Every type of returner creates a ripple effect- affecting profit margins, carbon emissions, and resource use. Understanding these personas helps retailers design smarter, more sustainable returns strategies that benefit both business and the planet. 

From our research, 74% of shoppers care that their returns are handled in an environmentally friendly way, showing that sustainability-conscious behaviour is already a priority for consumers.  

 

FAQs

Every return creates an environmental footprint: extra transport emissions, additional packaging waste, and resource-heavy processing like cleaning or repackaging. In fashion, reverse logistics alone can account for up to 25% of a retailer’s e-commerce carbon footprint.

We’ve identified seven key return personas:

  1. The Bracketer – orders multiple sizes/colours and sends most back.

  2. The Impulse Buyer – makes emotional purchases they later regret.

  3. The Informed Shopper – returns due to quality or unmet expectations.

  4. The High-Value Loyalist – fewer returns, but higher-impact items.

  5. The Fraudster/Wardrober – buys with no intent to keep.

  6. The Try-Before-You-Buyer – builds returns into their shopping process.

  7. The First-Time Returner – often returns due to sizing or fit uncertainty.

It depends:

  • Bracketers create high-volume returns that multiply packaging and logistics emissions.

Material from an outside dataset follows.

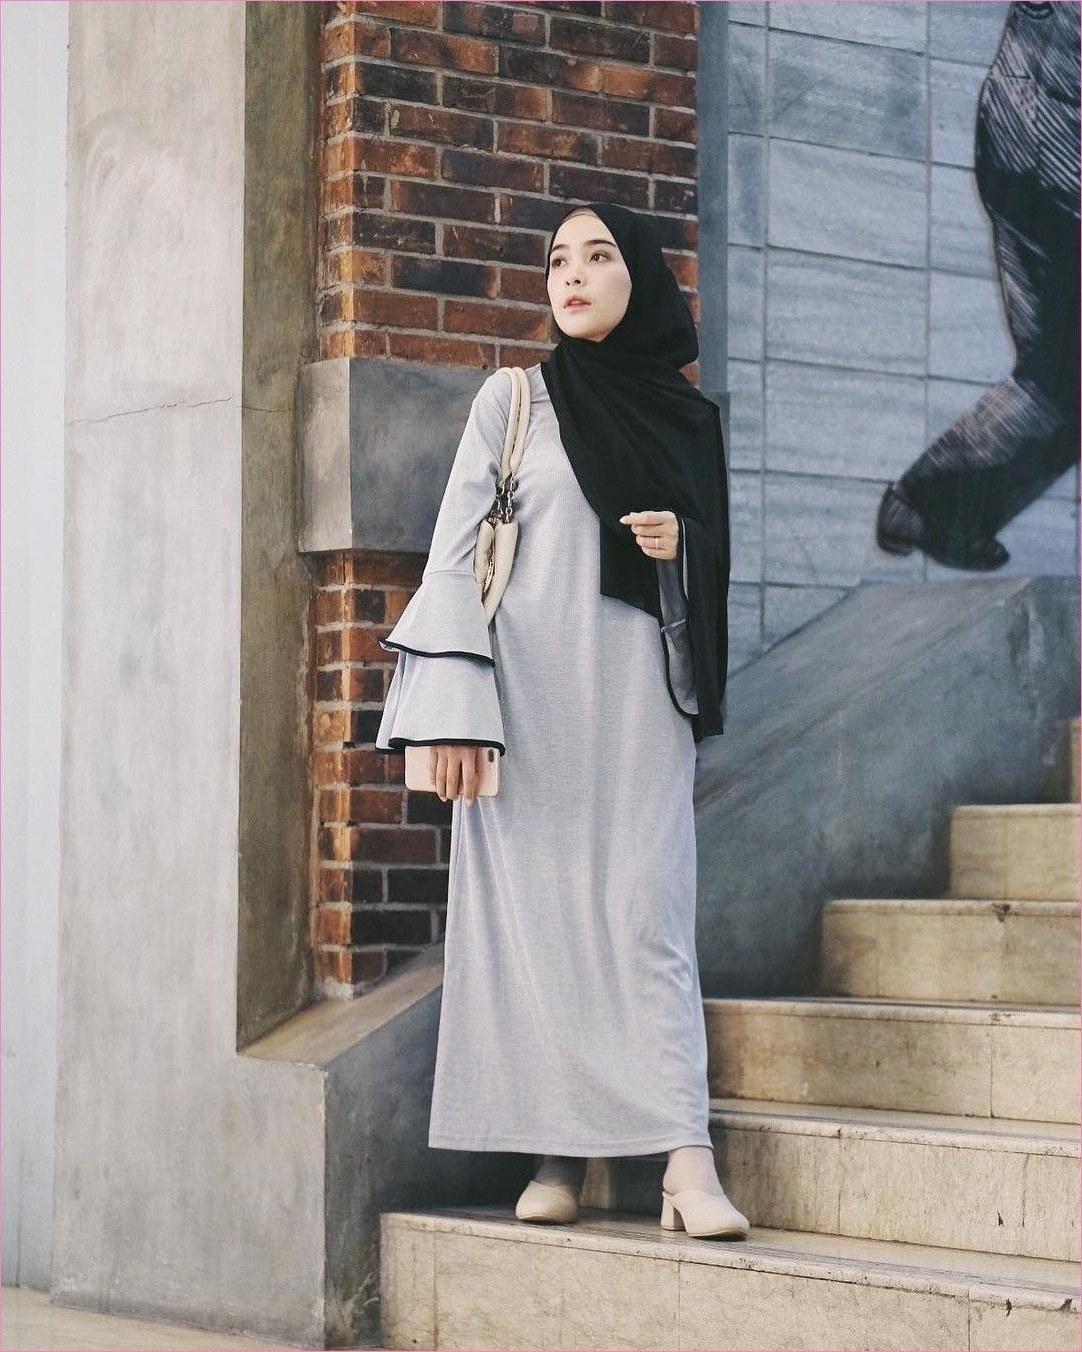 Design Ootd Baju Lebaran Remaja 2020 3id6 Outfit Baju Remaja Berhijab Ala Selebgram 2018 Pashmina

  • Wardrobers/Fraudsters generate waste when items can’t be resold and must be cleaned, liquidated, or even destroyed.

  • Try-Before-You-Buyers normalise multiple shipments per purchase, driving a heavier ongoing footprint.

No. For example, Informed Shoppers tend to return less and provide valuable feedback that helps reduce future returns, while Impulse Buyers fuel overconsumption and waste. Each persona creates different sustainability challenges.

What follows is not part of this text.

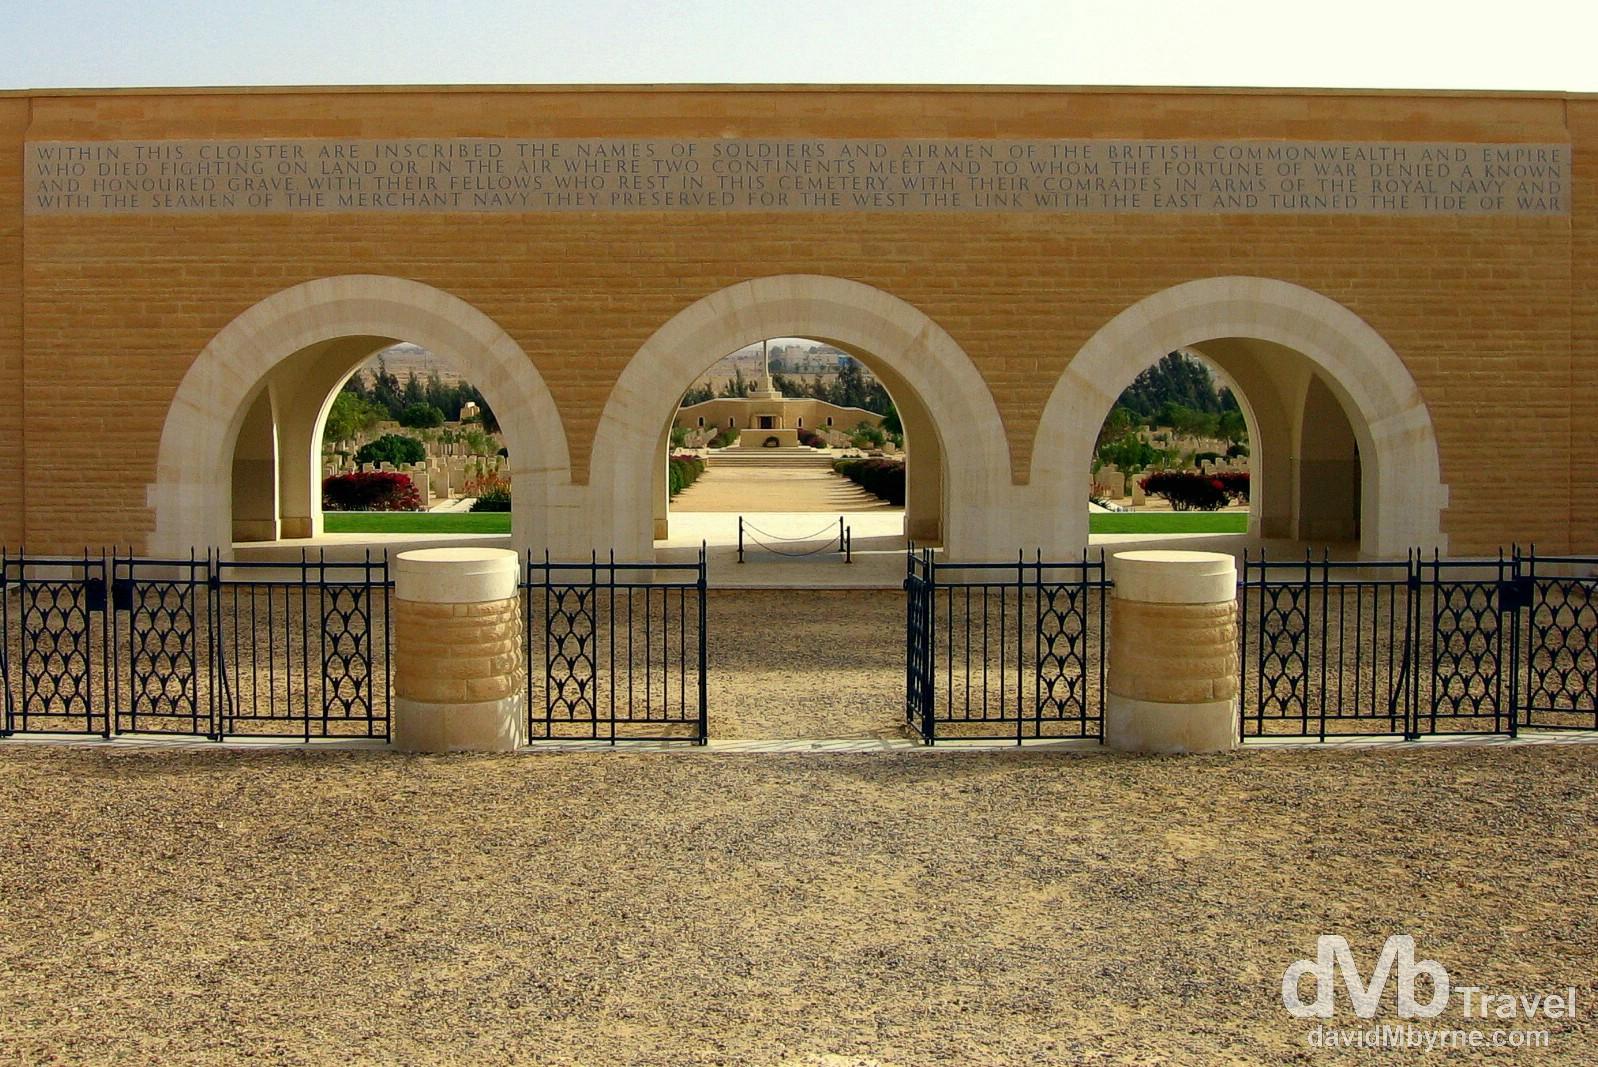 Allied War Cemetery, El-Alamein, Egypt. April 15, 2008.

Shoppers can make a big difference by:

  • Checking size guides and reviews before ordering to reduce guesswork.

  • Avoiding “just in case” bracketing (multiple sizes/colours).

  • Pausing before impulse purchases, especially during flash sales.

  • Consolidating orders instead of placing multiple small ones.

  • Choosing eco-friendly return options like local drop-off points.

  • Thinking circular – considering rental, resale, or repair before returning.

Even small changes add up. Building mindful shopping and returning habits reduces waste, cuts emissions, and supports more sustainable retail practices.